Electoral Legitimacy and Security Ahead of Venezuela’s Presidential Election
Late last week, Venezuelan presidential candidate Henrique Capriles Radonski released a video with his final appeal to voters. Looking straight at the camera, the former governor of Miranda state addressed the fears that prevent some Venezuelans from supporting him fully: being fired from government jobs; being passed over for a social program; or being banned from public-housing waiting lists.
These fears reflect the general state of anxiety Venezuelans face as they head to the polls this Sunday, October 7. Rarely have the words “the most important election in our lifetime” been as true as they are for this contest. The nation faces a choice between the definitive implementation of President Hugo Chávez’ “Twenty-First Century Socialism,” and a path that most would consider a return to mainstream Latin American politics.
Faced with a well-known, charismatic incumbent who enjoys practically limitless campaign funds, this election should—on paper—be a landslide for Chávez. That most polls show it is close, with some even showing Capriles ahead, is a tribute to the challenger’s energy and unerring message discipline, as well as the Chávez administration’s failure to address soaring crime and an endless electricity crisis.
One of the main fears in the minds of Venezuelan voters is the fact that the electoral authority, the Consejo Nacional Electoral (National Electoral Council—CNE), is clearly partial to the government. Voting in Venezuela is machine-based, and voters must unlock the machines by placing their hands on a fingerprint reader, which ensures that they only vote once. Even though the vote itself is separate from the identification portion, and in spite of the opposition’s claims that it has audited the technology thoroughly, there are fears that the secrecy of the vote is not assured.
The opposition leadership, however, insists that the process is tamper-free. They point to the fact that they have won other elections using this technology in the past. They are also working hard to assure its voters that voting centers—particularly those in rural areas that have shown bizarre voting patterns in the past—are all stocked with opposition eyewitnesses.
The opposition is so confident of the integrity of the vote count itself that it has not made an issue of the fact that few monitors will be on the ground. The only prominent team of international observers present on election day will be a team from Unión de Naciones Suramericanas (Union of South American Nations—UNASUR). (The Organization of American States’ request to monitor was denied, and the Carter Center did not ask to send an observer mission.) This recently-formed body is closely aligned with the Venezuela government; indeed, its current secretary-general is Chávez’ former foreign minister. The electoral observer mission from UNASUR, headed by Carlos “Chacho” Álvarez, an ally of Argentine President Cristina Fernández de Kirchner, will be barred from making public comments on the election. They are unlikely to stray from the government’s line anyway, given how they have already endorsed the CNE and its technology.
In spite of the opposition’s reassurance, convincing voters that their vote will be secret and will actually count has proven to be a challenge. A few years ago, millions of voters who signed a petition to recall Chávez were placed in a government list that effectively barred them from working for the government or from companies that did business with it, and even denied them basic government services.
A Quiet Exit?
Another fear in the minds of voters is what will happen if Hugo Chávez were to lose the election. Chávez himself has warned of the dangers of a “civil war” if that were to happen, and his frequent allusions to an armed civilian militia loyal to his Bolivarian revolutionary project makes this a threat to be taken seriously.
It is a sad spectacle when a president warns of a civil war if he does not win an election. Putting that aside, Venezuela is unlikely to slide into a conflict of the scale in Syria or even in neighboring Colombia.
A civil war requires two groups fighting. The opposition does not have armed militias, nor do they control the armed forces. In the event that the poorly-trained chavista militias were to take up arms in the face of a Capriles victory, the armed forces would swiftly stop the violence. If the armed forces were to back up the militias, this would signify nothing short of a coup against a popularly-elected president.

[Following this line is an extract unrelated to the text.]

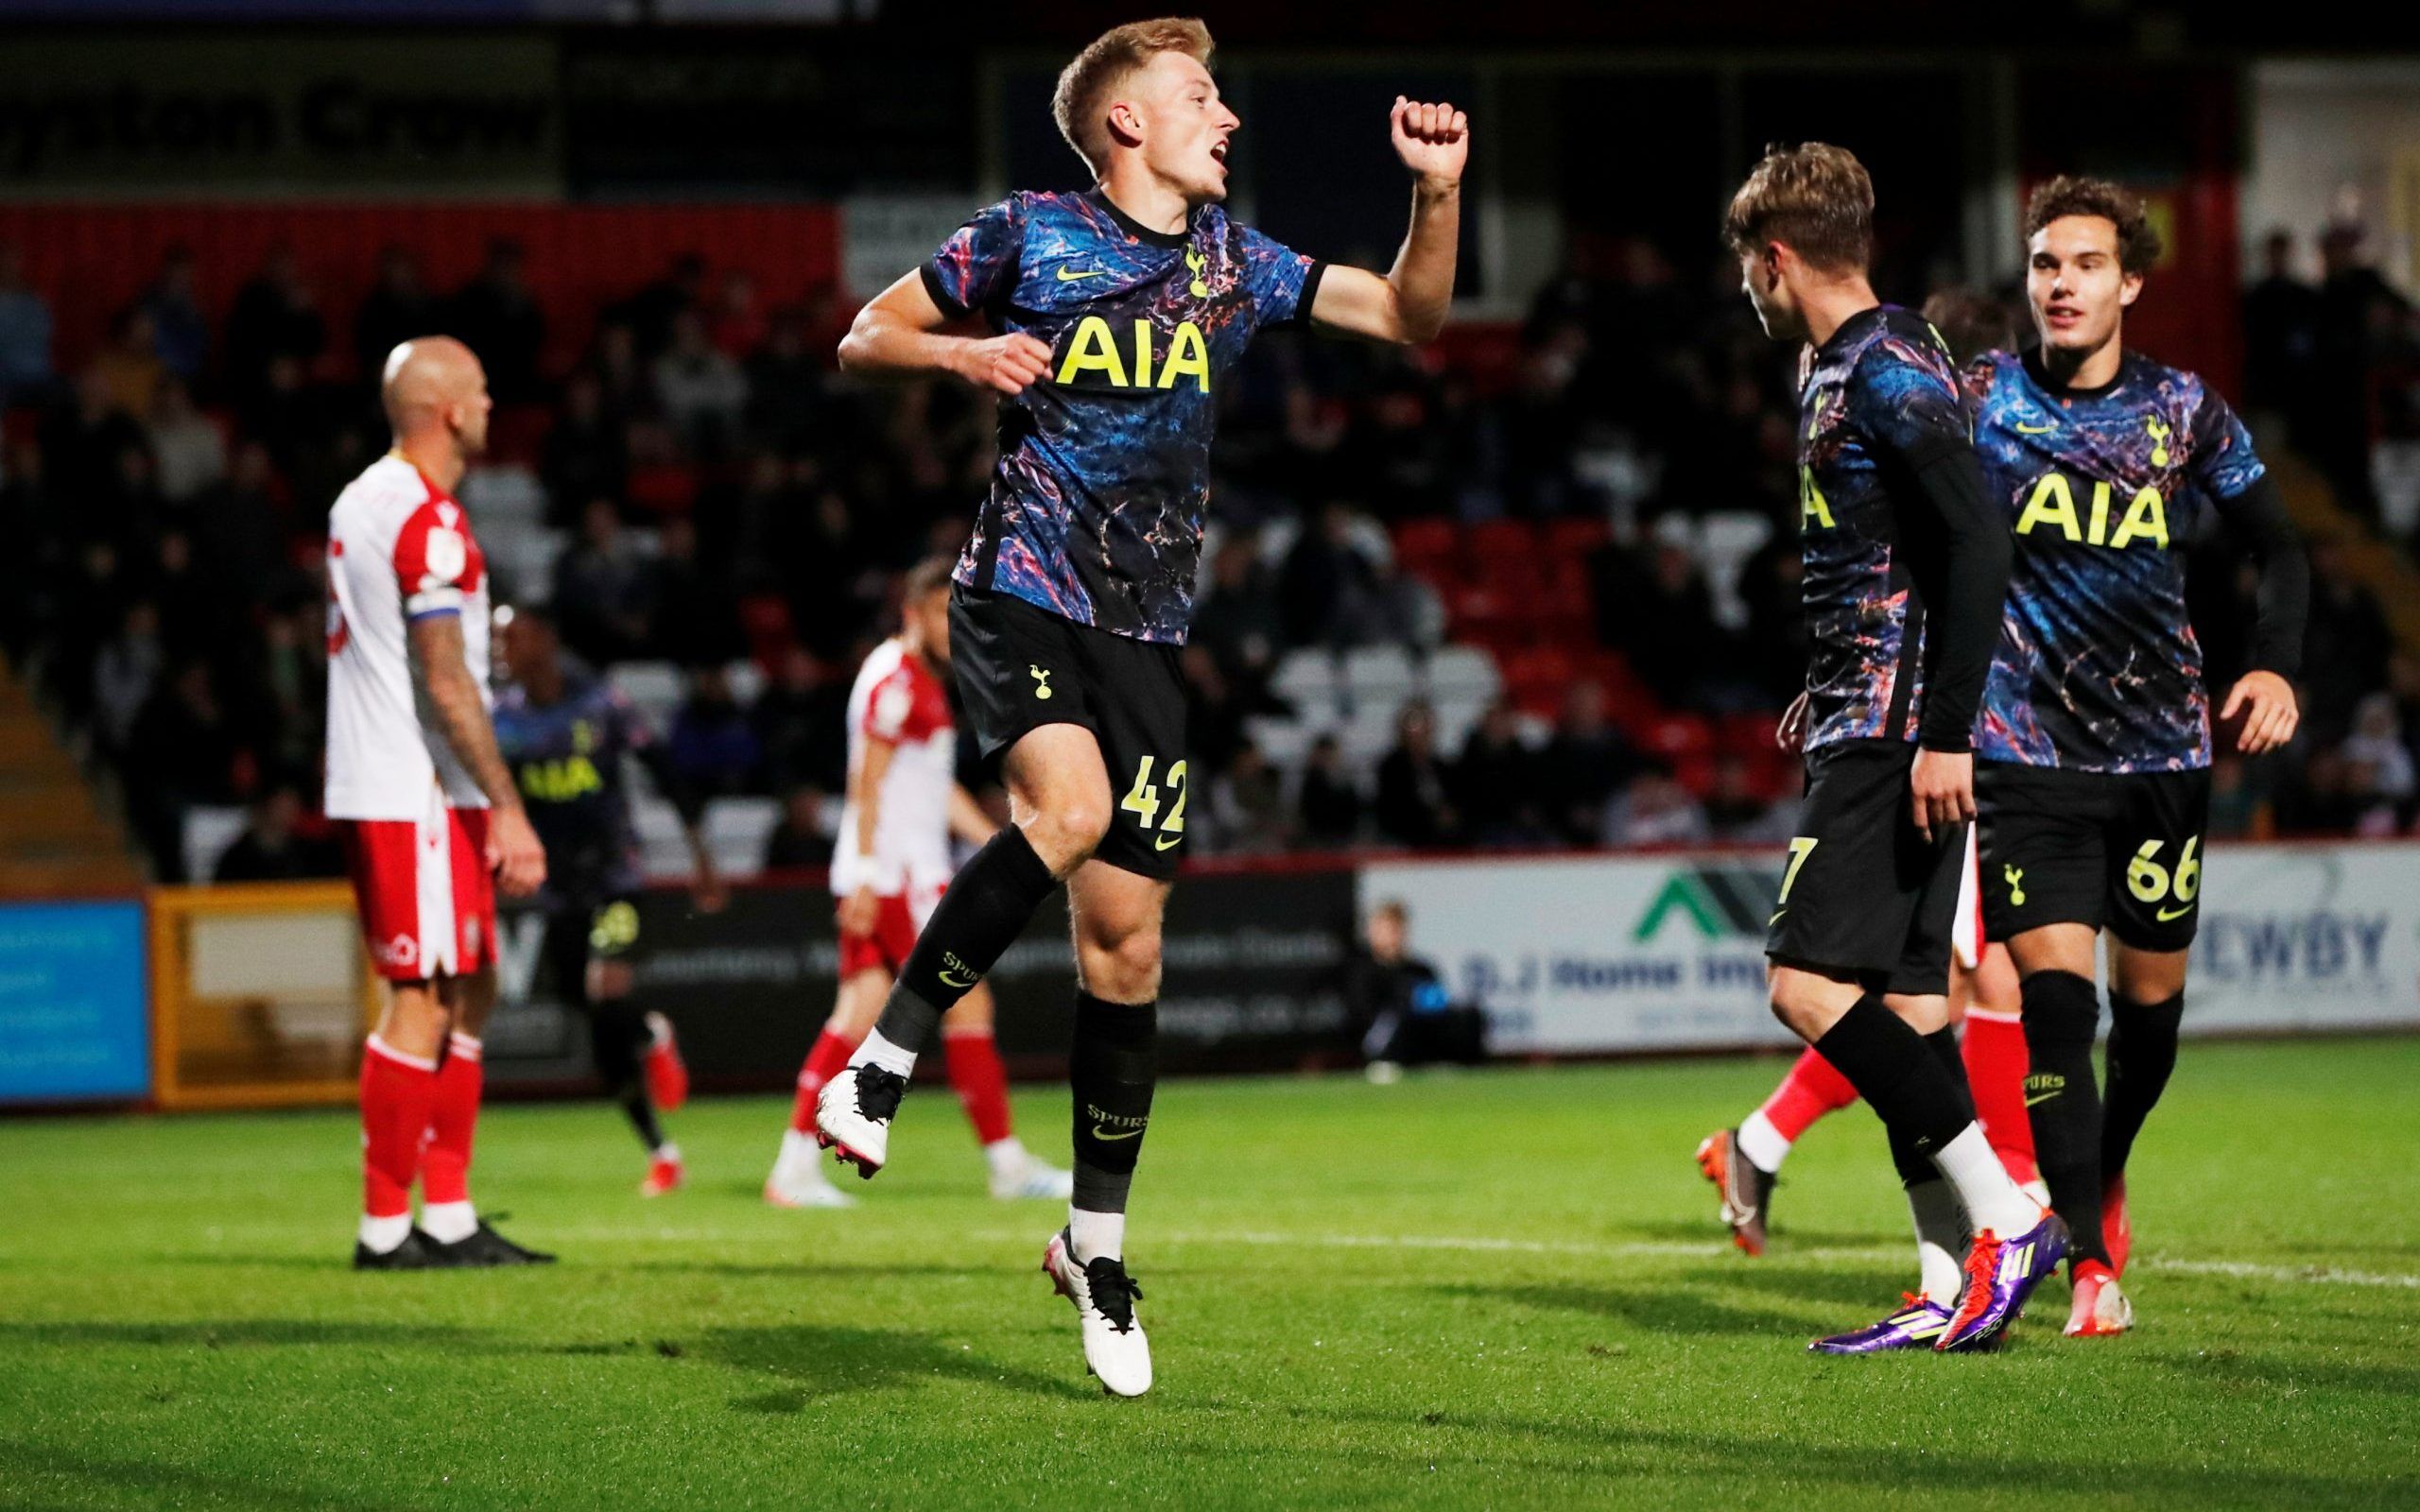 Soccer Football - EFL Trophy - Group Stage - Southern Group H - Stevenage v Tottenham Hotspur U21 - The Lamex Stadium, Stevenage, Britain - August 31, 2021  Tottenham Hotspur's Harvey White celebrates scoring their third goal   Action Images/Paul Childs  EDITORIAL USE ONLY. No use with unauthorized audio, video, data, fixture lists, club/league logos or

The only danger of prolonged armed conflict is if different bands within the armed forces rise up against each other. However, the Venezuelan military has grown too accustomed to the bourgeois lifestyle of the revolution. It is unlikely they would let go of their perks and luxury goods to take up arms and defend Hugo Chávez.
Ultimately, the best insurance policy Capriles has in the face of these threats is massive turnout of voters and eyewitnesses. A solid win over Chávez would be the most effective safeguard against the threat of violence, and only a significant presence of eyewitnesses will reassure voters that the process was fair. Early reports suggest opposition witnesses will be present in all voting centers, as its leaders have claimed.
Capriles has asked his supporters to turn out this Sunday, saying in his final appeal: “Vote for me, but do it for you, because it is the right thing to do.” When you go to vote, he says, do it for your kids, against those who threaten you, and do not be afraid.
His hope is that this simple message of empowerment and courage will be enough to overcome the uncertainties that lie ahead. Ultimately, it will take an act of collective bravery to topple Hugo Chávez at the ballot box.